Ende 2019 dürften die globalen Werbeausgaben für Gesundheitsprodukte bei rund 36 Milliarden US-Dollar (etwa 32 Milliarden Euro) liegen, prognostiziert Zenith. Im Jahr 2018 haben China und die USA am meisten investiert: Auf diese beiden Länder entfielen zusammen 86 Prozent der Ausgaben für Healthcare-Reklame. Sie steuerten dem Markt 14,4 beziehungsweise 15,9 Milliarden US-Dollar bei. Das entspricht umgerechnet rund 12,9 beziehungsweise 14,2 Milliarden Euro. In allen anderen Märkten waren es jeweils weniger als 1 Milliarde US-Dollar (etwa 0,9 Milliarden Euro).

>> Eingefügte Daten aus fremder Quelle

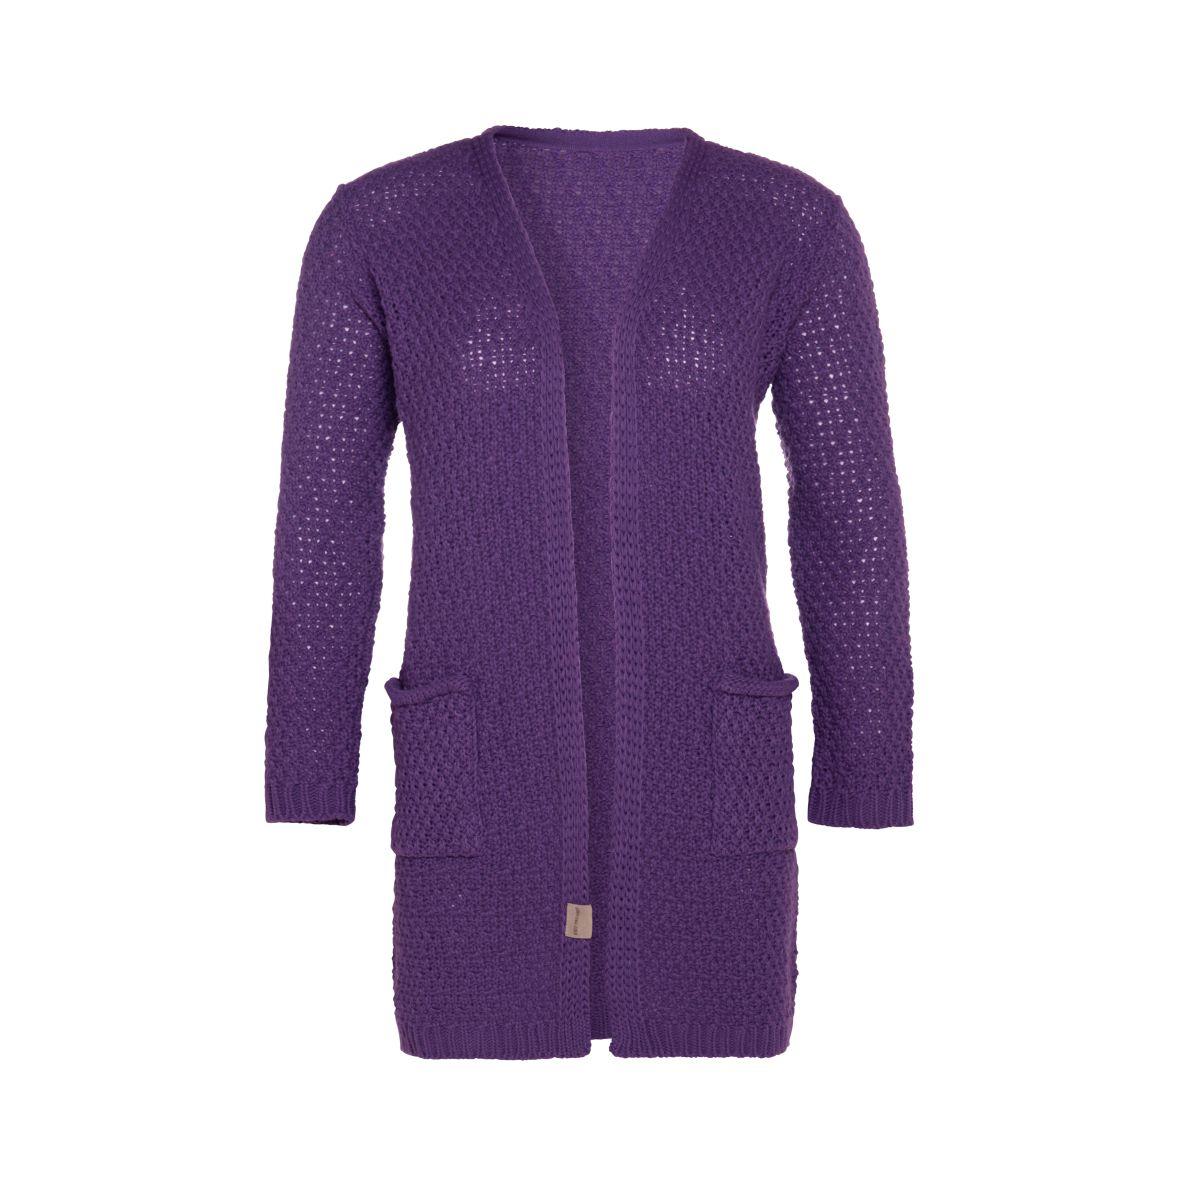 knit factory kf13308112351 luna vest purple 4042 1

Unterschiedliche staatliche Vorschriften

Was genau als Healthcare-Werbung zählt, ist aufgrund unterschiedlicher staatlicher Vorschriften von Markt zu Markt verschieden. Die Autoren definieren den Begriff so, dass er alles umfasst, was in jedem Markt beworben werden darf. Das sind zum Beispiel rezeptfreie Medikamente, verschreibungspflichtige Medikamente, Arzneimittelhersteller und -marken, Krankenversicherungen, medizinische Geräte, Fitness- und Diätprodukte und -dienstleistungen, Hygieneprodukte sowie Korrekturlinsen und -brillen.

Im Rx-Bereich dominieren die Amerikaner den Werbemarkt – und das hat einen simplen Grund: »Nirgends ist die direkte Werbung für verschreibungspflichtige Medikamente so unmittelbar erlaubt wie in den USA«, schreibt die Agentur. In anderen Ländern seien die Arten von Gesundheitsprodukten und -dienstleistungen, die beworben werden dürfen, deutlich stärker eingeschränkt als in den Vereinigten Staaten. Im Vergleich zum Gesamtmarkt falle die Höhe der Healthcare-Werbeausgaben daher zum Beispiel in Brasilien, Frankreich, Deutschland, Südkorea und Großbritannien deutlich niedriger aus, als zu erwarten wäre.

Mehr TV-Werbung für Rx-Produkte

Die Investitionen in Healthcare-Reklame in den USA wuchsen zwischen 2013 und 2018 mit einer durchschnittlichen Rate von 6 Prozent pro Jahr, was die Verfasser des Berichts zum Teil auf eine starke Zunahme der Fernsehwerbung für verschreibungspflichtige Medikamente zurückführen. Der am schnellsten wachsende Markt ist demnach Indien mit einer durchschnittlichen Rate von 26 Prozent pro Jahr zwischen 2018 und 2021. »Steigende Einkommen und ein verbesserter Zugang zur Krankenversicherung machen die Gesundheitsversorgung zugänglicher und fördern eine direktere Vermarktung von Gesundheitsprodukten und -dienstleistungen an die Verbraucher«, heißt es in der Analyse.